2. “… da bambino”: Zafon nasce come scrittore per ragazzi (con i suoi primi tre volumi, noti come La trilogia della nebbia) e in effetti il modo in cui l’autore porta il lettore dentro la storia è estremamente avvincente, come accade per tanta letteratura per giovani lettori. Mistero, avventura, amore sono intrecciati in una trama serrata fatta di colpi di scena e di suspense sostenuti da una lingua diretta che non indugia sulla riflessione ulteriore ma ragiona per fatti.

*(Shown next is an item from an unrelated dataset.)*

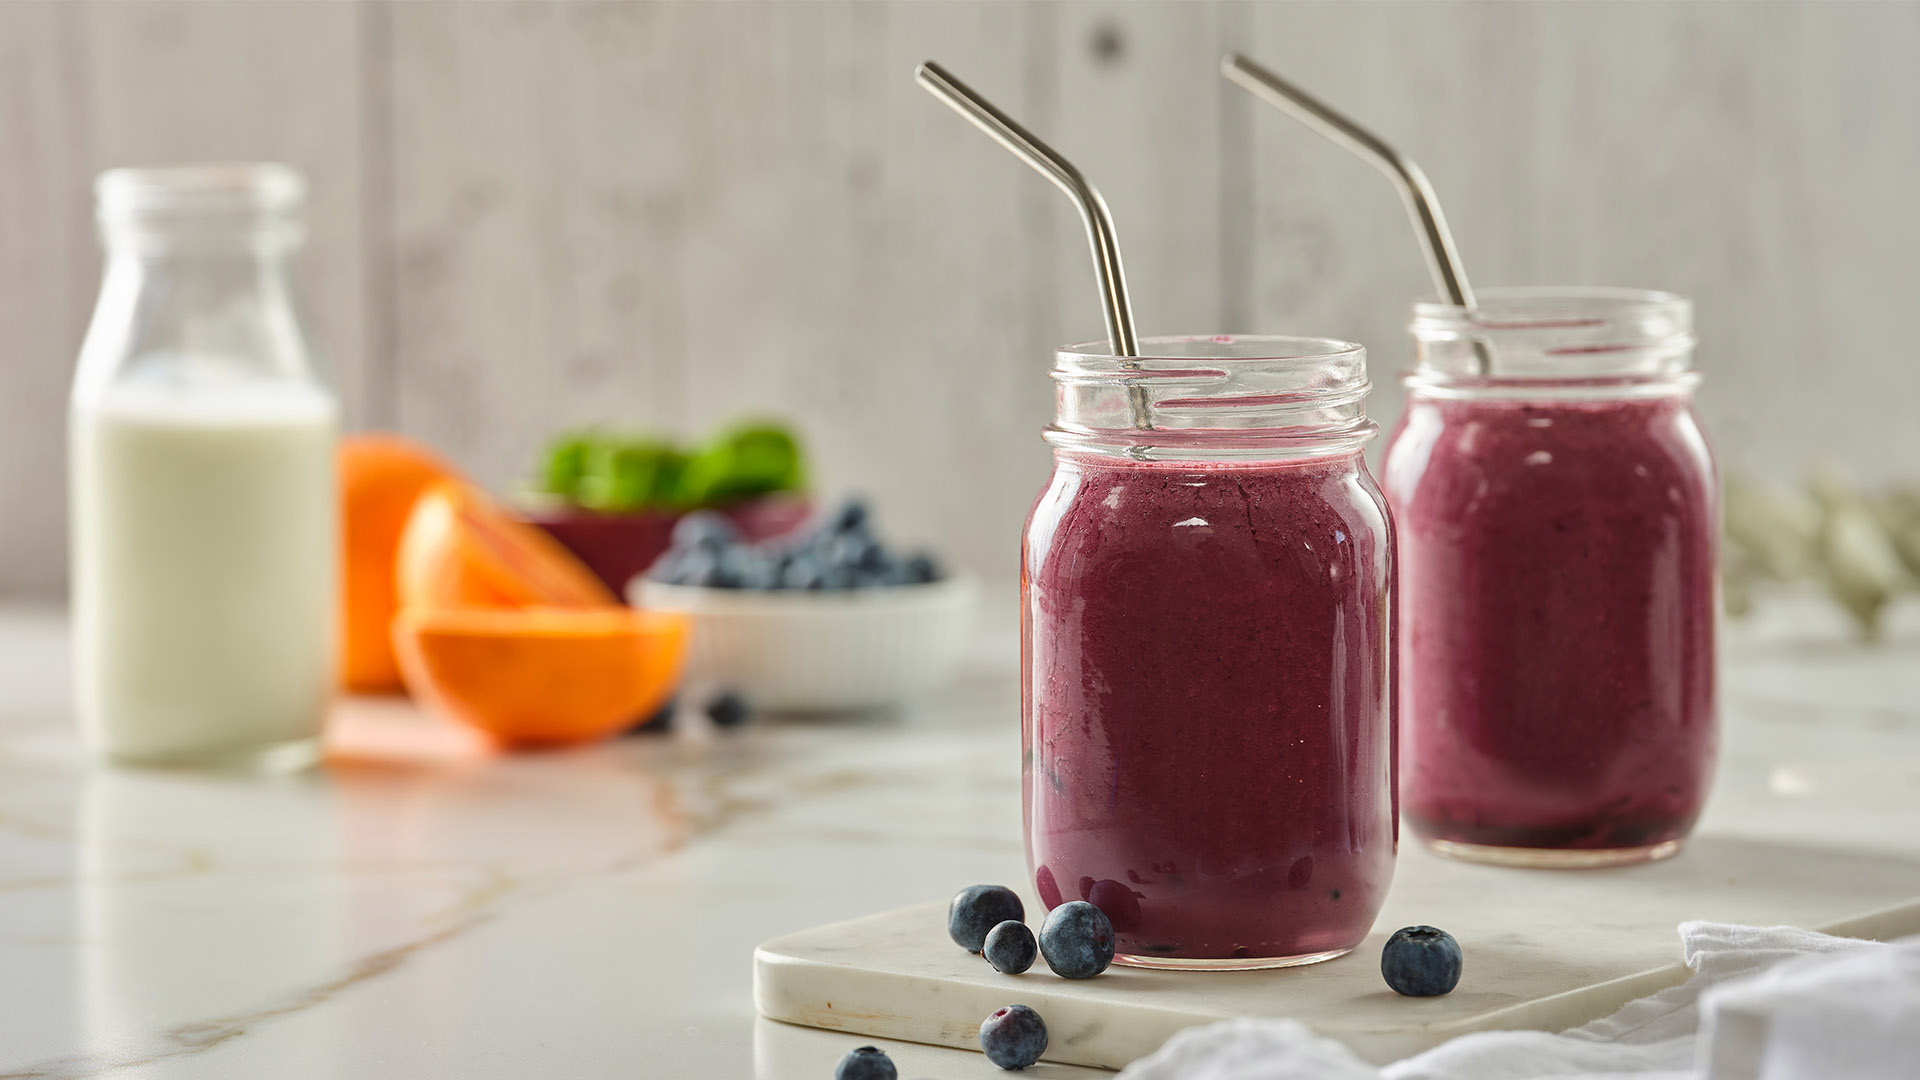 Side shot of two jars with metal straws containing blueberry kefir smoothie with pitcher of milk and small bowls with smoothie ingredients in them in the background.

3. Infine forse la parola chiave: “melodramma”. Che potrebbe anche essere sostituita da feuilleton, o dalla più moderna noir (con i dovuti distinguo): non sarebbe cosa bizzarra immaginarsi le vicende dei suoi romanzi pubblicate a puntate come accadeva in Francia o in Inghilterra con le opere di Balzac, di Dumas, di Dickens ecc., lì dove e quando il romanzo nasceva. Le costruzioni di Zafon, infatti, sono sempre molto articolate, e vedono ruotare attorno ai personaggi principali anche comprimari altrettanto affascinanti, utili tutti a mettere insieme quel puzzle che piano piano si compone e che porta al disvelamento di un mistero, legando il lettore alla storia così come facevano i grandi maestri dell’Ottocento che – per ricordare che la scrittura è anche un mestiere, oltre che un’arte e un talento – avevano bisogno di fidelizzarlo perché l’editore commissionasse loro una puntata ancora.

Nulla di male quindi quando il romanzo, cioè, sazia una fame di “storie” e spinge chi lo prende in mano ad aver voglia di girare le pagine per scoprire come va avanti, e come finisce. Sono spesso romanzi come quelli di Zafon, in cui si crea un’alchimia tra trama, scrittura e ambientazione (nel suo caso una gotica Barcellona) ad ampliare la platea dei lettori, che in Italia consideriamo sempre troppo scarsa. Le opere dello scrittore spagnolo sono invero state tradotte in più di quaranta lingue e probabilmente quindi lette da lettori di ogni schiatta, ottenendo certo quell’effetto divisivo che spesso la letteratura suscita.

Un dettaglio incuriosisce: l’autore non voleva che la sua opera venisse portata sul grande schermo, temendo in qualche misura che i suoi elaborati intrecci perdessero di smalto se tradotti in quel linguaggio, quindi ora non abbiamo che una soluzione per il futuro: non potendoci aspettare nulla di nuovo dalla sua penna, ritornare con gli occhi e la mente su quello che ha già scritto. E, perché no, infilare un suo libro in valigia, ora che le vacanze s’avvicinano.